As modelling of nonlinear oscillator systems plays an important part in science and engineering fields, a double loop Radial Basis Function Neural Network (RBFNN) with adaptive radius and lattices is proposed for handling this issue. In this design, a large enough lattice arranged to cover all of the trajectories is taken as the mapping center of the RBFNN at the initial condition. The number of lattices will be dynamically adjusted, and those lattices far from the trajectories will be removed. Applying Taylor expansion in local space, the activated radius factor can be separated from the Gaussian function. In order to guarantee that the modelling scheme has the characteristic of fast convergence, the error power function is utilized to minimize the gain parameter of the error differential equation. In the double loop structure, the updated equation of weights and activated radius can be determined by the Lyapunov function, which can guarantee that the weights and the activated radius will converge to the neighborhood of their true value and the tracking error of state trajectories will converge to the neighborhood of zero. In order to show the effectiveness and superiority of the double loop RBFNN proposed in this paper, Helmholtz–Duffing and Vanderpol–Duffing are used as the testing objects of the nonlinear oscillator system while comparing with Deterministic Learning.
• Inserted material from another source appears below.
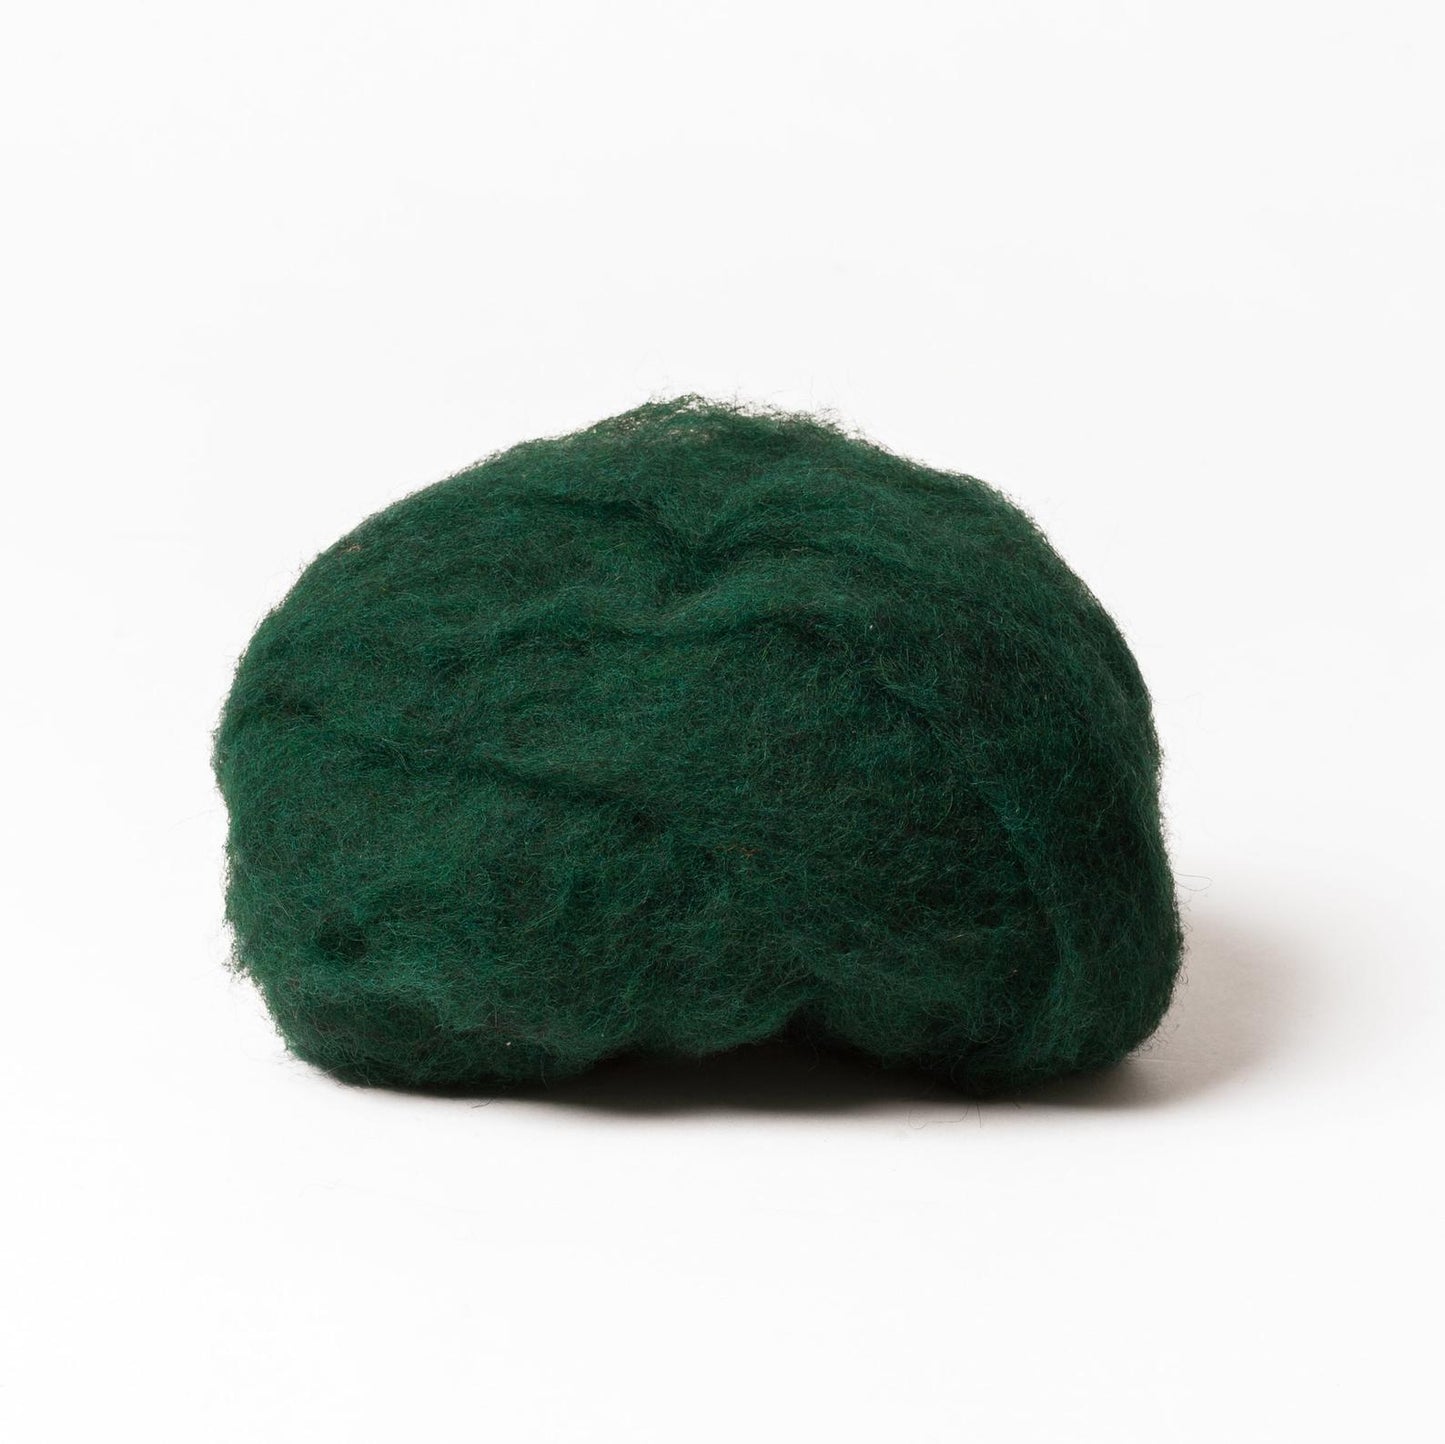 Dark Green Best Sheep Wool for Wet Felting From the tyrolean rock sheep
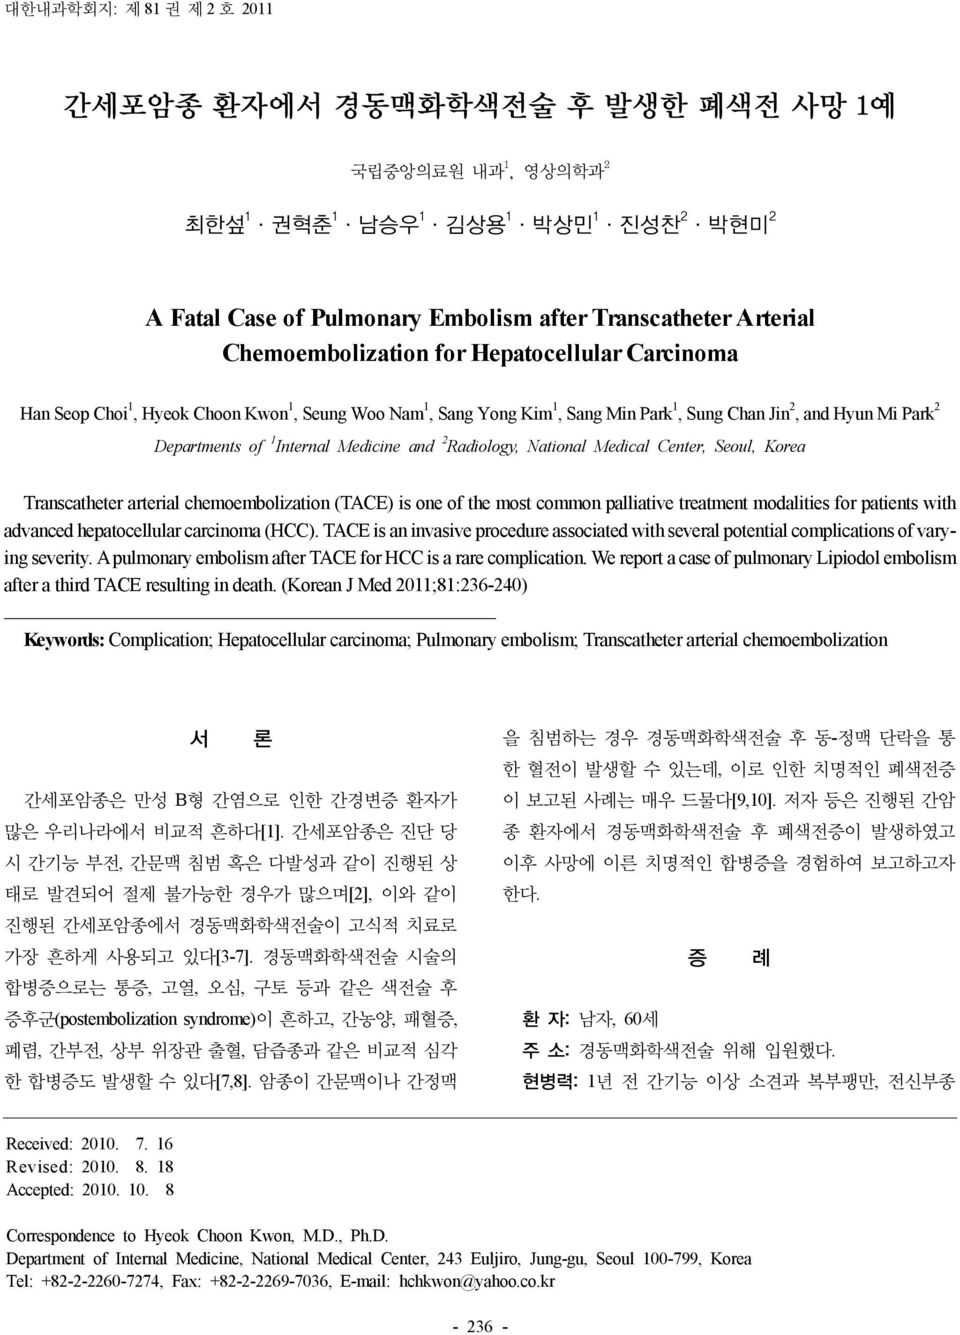 Medicine and 2 Radiology, National Medical Center, Seoul, Korea Transcatheter arterial chemoembolization (TACE) is one of the most common palliative treatment modalities for patients with advanced

由于非线性振子系统的建模在科学和工程领域具有重要意义,提出了一种具有自适应半径和格的双环径向基函数神经网络(RBFNN)来处理这一问题。在本设计中,在初始条件下,选取一个足够大的栅格作为RBFNN的映射中心,栅格的排列足以覆盖所有轨迹。网格的数量将被动态调整,远离轨迹的网格将被移除。利用局部空间中的泰勒展开,可以将激活半径因子从高斯函数中分离出来。为了保证建模方案具有快速收敛的特点,利用误差幂函数最小化误差微分方程的增益参数。在双环结构中,利用Lyapunov函数确定权值和激活半径的更新方程,保证权值和激活半径收敛于其真值的邻域,状态轨迹的跟踪误差收敛于零邻域。为了证明本文提出的双环RBFNN的有效性和优越性,采用Helmholtz-Duffing和Vanderpol-Duffing作为非线性振子系统的测试对象,并与确定性学习进行比较。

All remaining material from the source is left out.